Wild performed for six presidents, including John F. Kennedy at his 1961 inauguration.
He served as the musical director of the Palm Springs Desert Museum — now the Palm Springs Art Museum — during the 1970s.
In 1976, he organized the Palm Springs Desert Museum Piano Festival to showcase new international piano talent.
Wild was born on Nov. 26, 1915, in Pittsburgh, and began taking piano lessons when he was 4 years old. When he was 12, he studied under a protege Franz Liszt, who helped create the Romantic movement in music.
Wild began giving radio recitals in Pittsburgh when he was 12 and began playing with the Pittsburgh Symphony when he was 14.
He learned to play numerous other instruments at Carnegie Tech — now Carnegie Mellon University — including cello, bass and flute. During World War II, he was a flutist in the U.S. Navy Band and a pianist in the Navy Orchestra, which performed the Star Spangled Banner before some of Eleanor Roosevelt’s speeches.

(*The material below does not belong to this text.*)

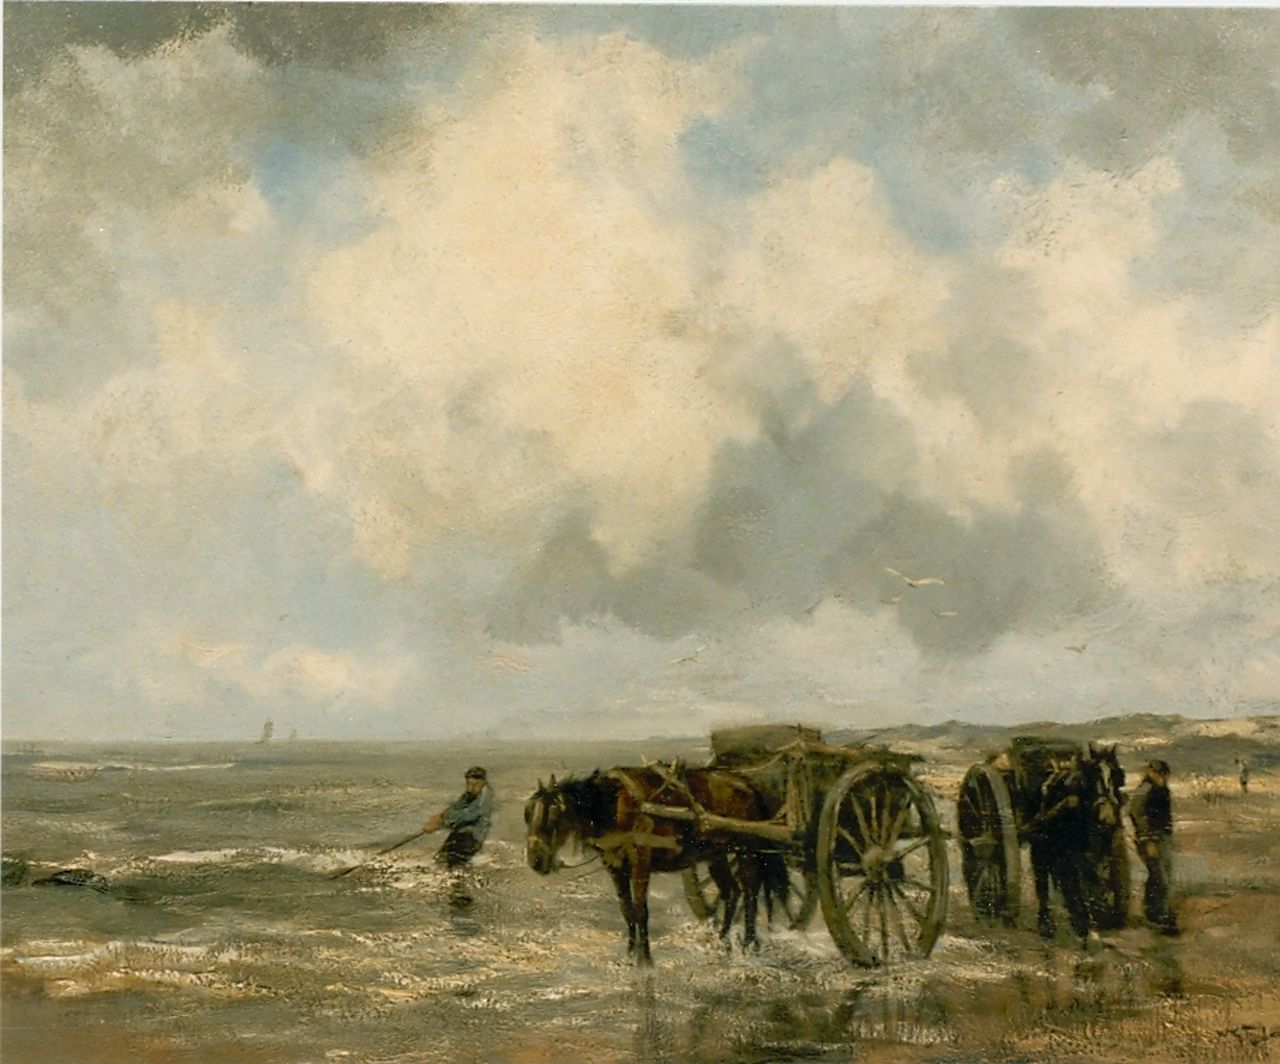 Jansen W.G.F.  | 'Willem' George Frederik Jansen, Shell gatherers on the beach, oil on canvas 73.5 x 93.1 cm, signed l.r.
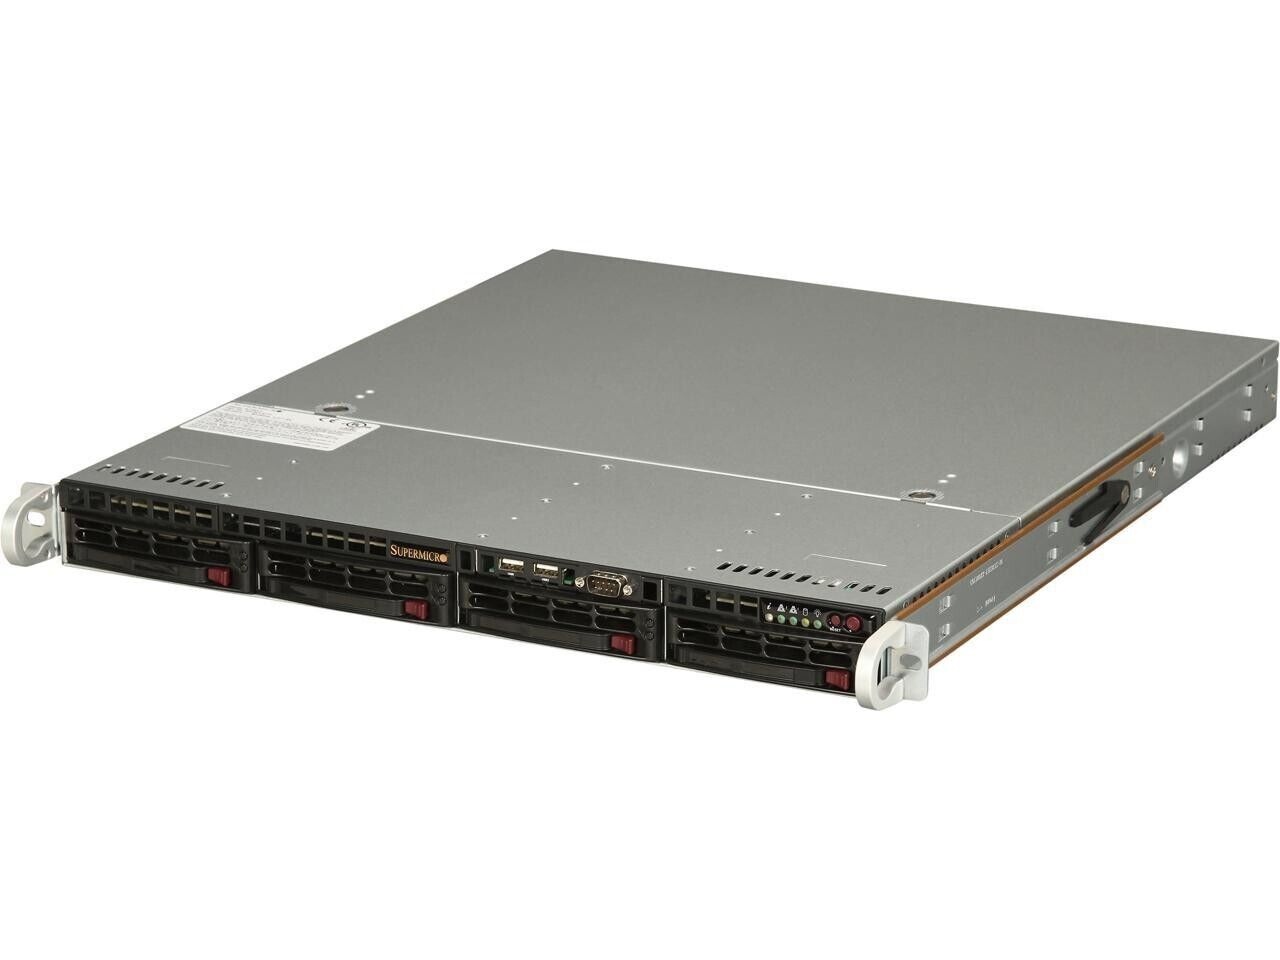 Supermicro SYS-5018D-MTF 1U Short-Depth Barebones Server, NEW, IN STOCK 5 Yr Wty

In 1937, he joined the NBC network as a staff pianist, and in 1939 he became the first pianist to give a recital on television. After he left the Navy in 1944, be became a staff pianist, conductor and composer at ABC, a position he held until 1968.
In the following years, he toured and recorded prolifically. Many of his recordings are available on his own imprint, Ivory Classics. He also taught at the Eastman School of Music, Penn State University, Ohio State University, Carnegie Mellon, the Manhattan School of Music and the Juilliard School.
His last performance was at the Walt Disney Concert Hall in Los Angeles on Feb. 5, 2008, when he was awarded the President’s Merit Award by the National Academy of Recording Arts and Sciences.
Before he passed away he was writing his memoirs, which are to be published later this year by Carnegie Mellon Press, Davis said.